While I’m quoting Einstein, there’s one more of his phrases that guides me in my efforts to enlighten people about rape by fraud and recover from it:

The world is a dangerous place to live; not because of the people who are evil, but because of the people who don’t do anything about it.

I hope you’ll help me spread the word!

11 thoughts on “Finding Romance- What Needs to Change?”

  1. First of all its a pleasure to have known joyce both as a person and a tennis coach and the fact that I admire is her ability to overcome her own pain and anguish and a desire to make a change .If you question yourself how many people out there even go a percent of what joyce is able to do and the ease with which she writes is commendable.i personally have witnessed many kinds of abuse both personally and professionally and I feel it’s time now to be able to make a change.

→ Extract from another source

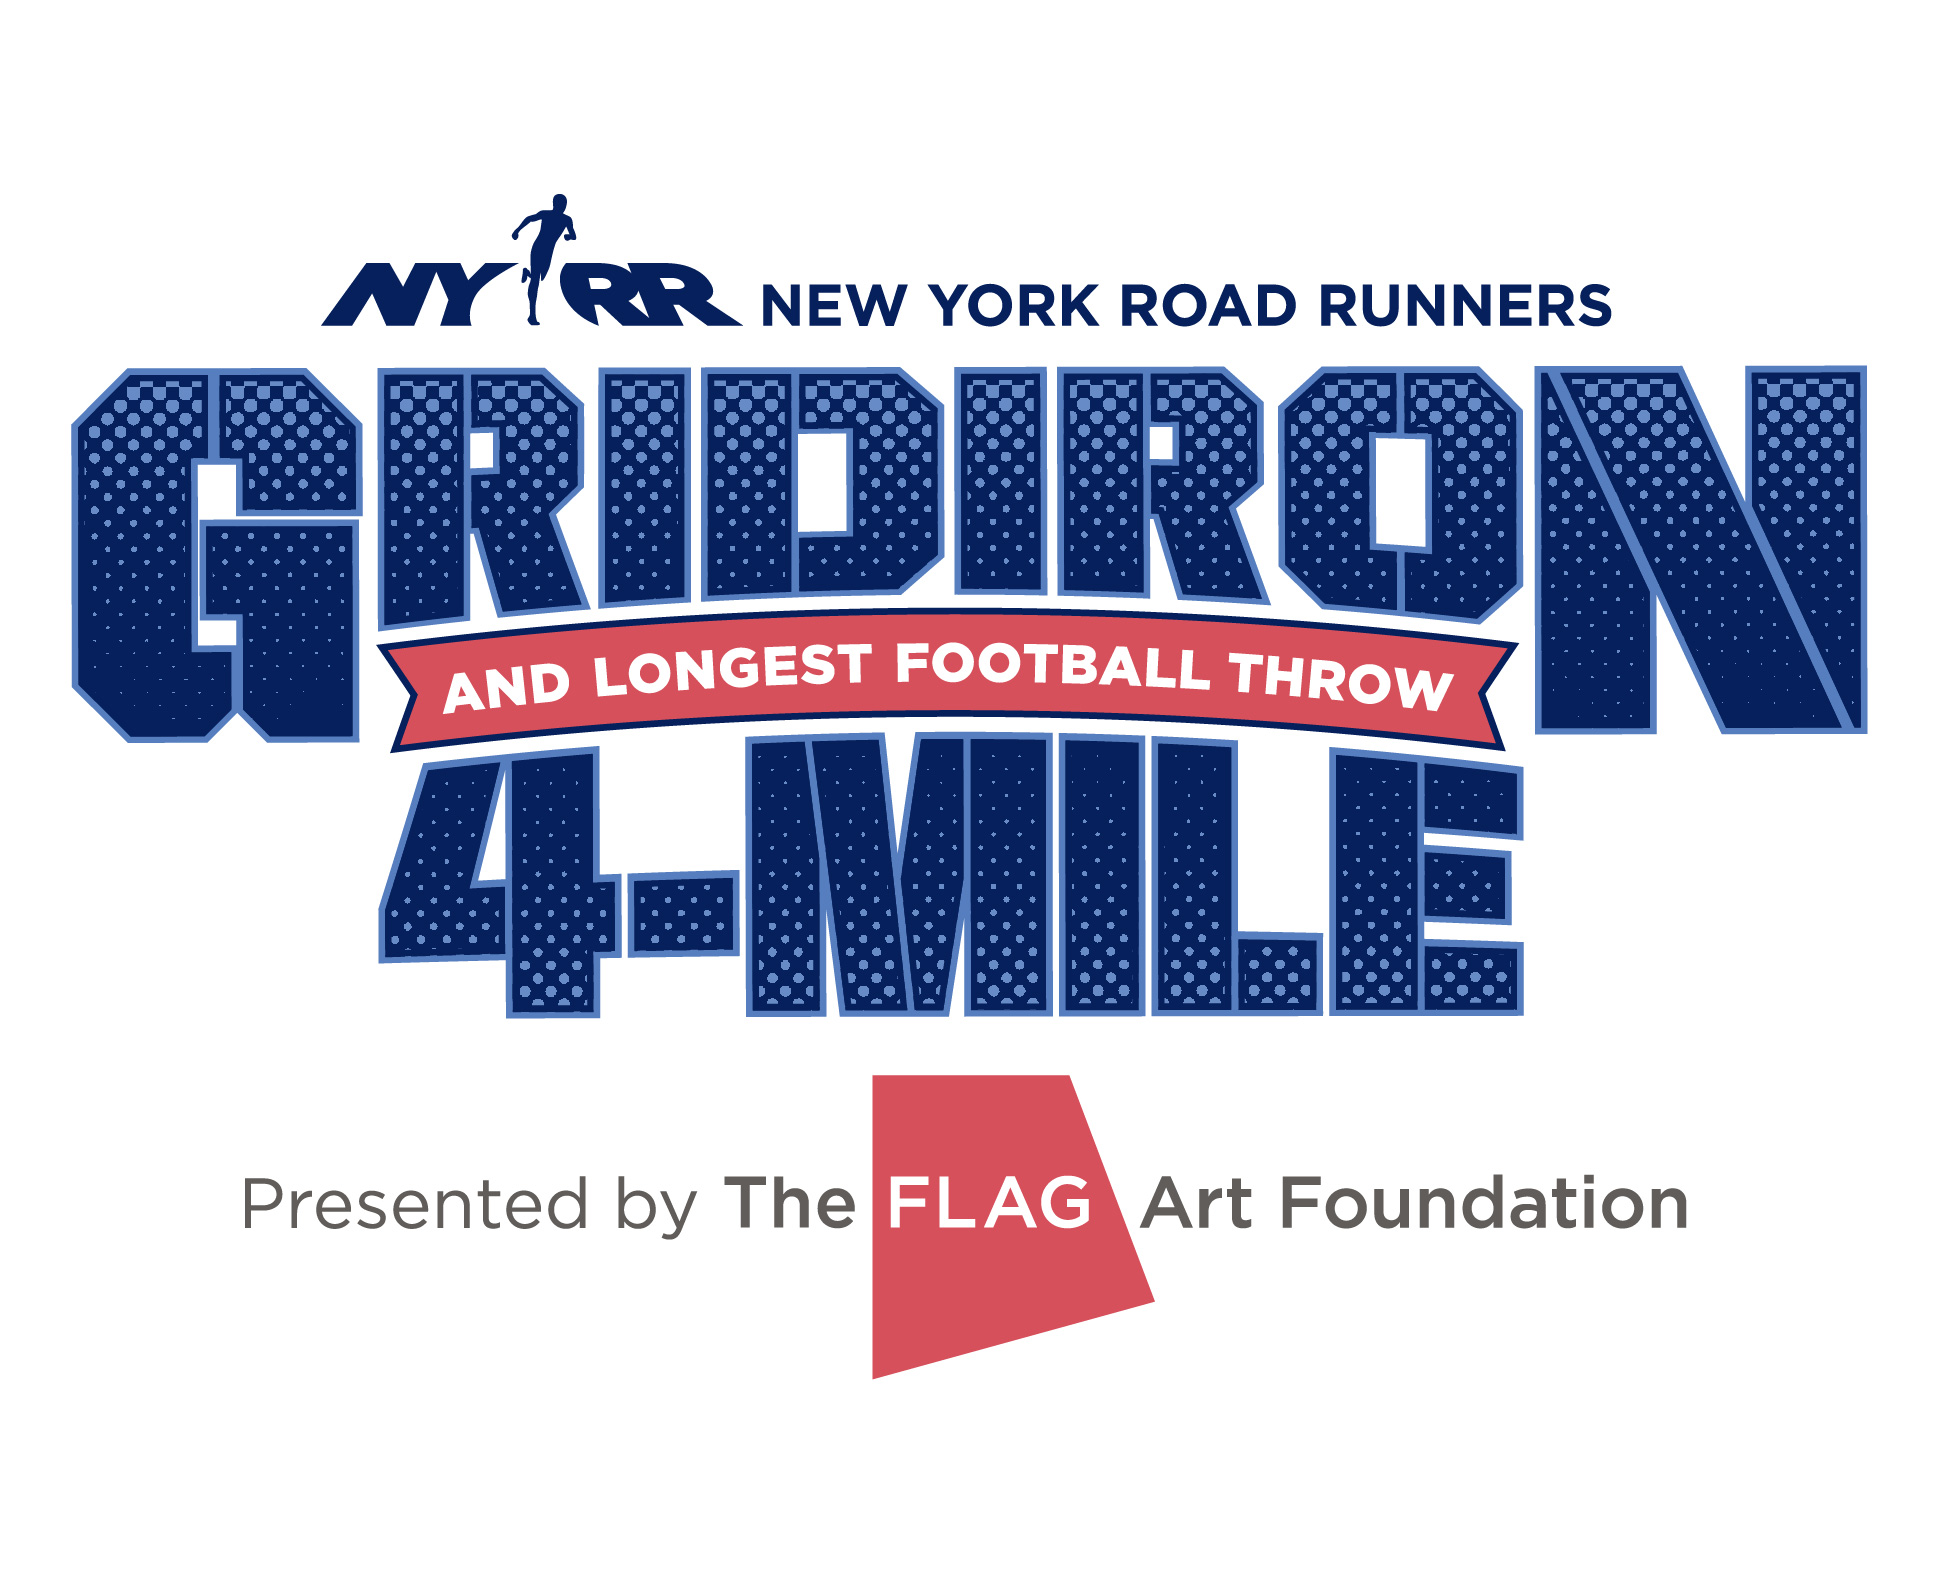 NYRR Gridiron presented by FLAG Arts Foundation

  2. This article is so timely. It is so scary entering the dating world again after having been defrauded in an elaborate relationship hoax that lasted over a year. It makes you question everything about a person’s identity and character. One thing that has helped me pursue romance again is a match-making agency. I don’t want to specify any particular company, but think about the ads you’ve seen in the airline magazines. You pay a substantial amount of money to join, but there is a level of safety and security in this type of service. The company verifies their identification and the matchmaker is involved in setting up the matches. There is no website for potential predators to troll on. Now, some people do pay for a premium membership that allows them to see a profile of the potential dates. Basically, sociopaths and predators would avoid this type of service because of the third party involvement and oversight. I met a very nice man through this agency, but we are not together any more. That experience helped to heal my broken spirit. Now, I am back at square one, having met someone without the matchmaking agency! I have been emotionally upside down trying to deal with issues of trust after what I went through. I will follow Joyce’s advice, but at some point, I might need some advanced advice!

    1. I wholeheartedly favor your approach to looking for love as opposed to on-line dating services. It is far too easy for predators to lie and defraud. Does the match-making service have any kind of warranty against fraud?

      As to your getting your “trust” back… I firmly believe that everyone who suffers the ill effects of a relationship hoax would benefit greatly from consulting a therapist. And the professional you chose should have considerable background dealing with PTSD and relationships with sociopaths.

      Joyce

  3. As I read this, I tried to picture myself in another relationship in the future…I absolutely couldn’t do it. All I see is abuse when I look that way. Time will heal, I hope.

    1. Army-

      It’s true that distance will diminish the intensity of the pain you suffered. But having the guiding hand of an experienced therapist could help to heal wounds that would fester longer without that support.

      Instead of looking for love, involve yourself in activities you enjoy and find organized groups with that focus. It’s important for you to bring joy back into your life again, with or without a mate. And who knows, the love of your life may very well find you. But even if they don’t, you’ll restore your self worth.

  4. Great article. I definitely find myself questioning my own judgement a lot nowadays and there is a real fear within me of going through the same problems again if I enter into another relationship x

    1. Desidivorced-

      It’s understandable. Don’t let what happened define who you are. It’s what happened to you, but you’re still you…. just a bit wiser!

      Joyce

    2. Knowing that psychopaths exist sure makes us wary of moving forward. We need to do so in a more enlightened way. Having been through a relationship with an emotional predator does not enable us to avoid them in the future. But it makes us far more aware of what’s happening if you encounter one again. You’ll recognize the signs faster, and your break with them will do less damage to your psyche.

      Fear isn’t a bad thing. It protects us…… just don’t let it become a barrier.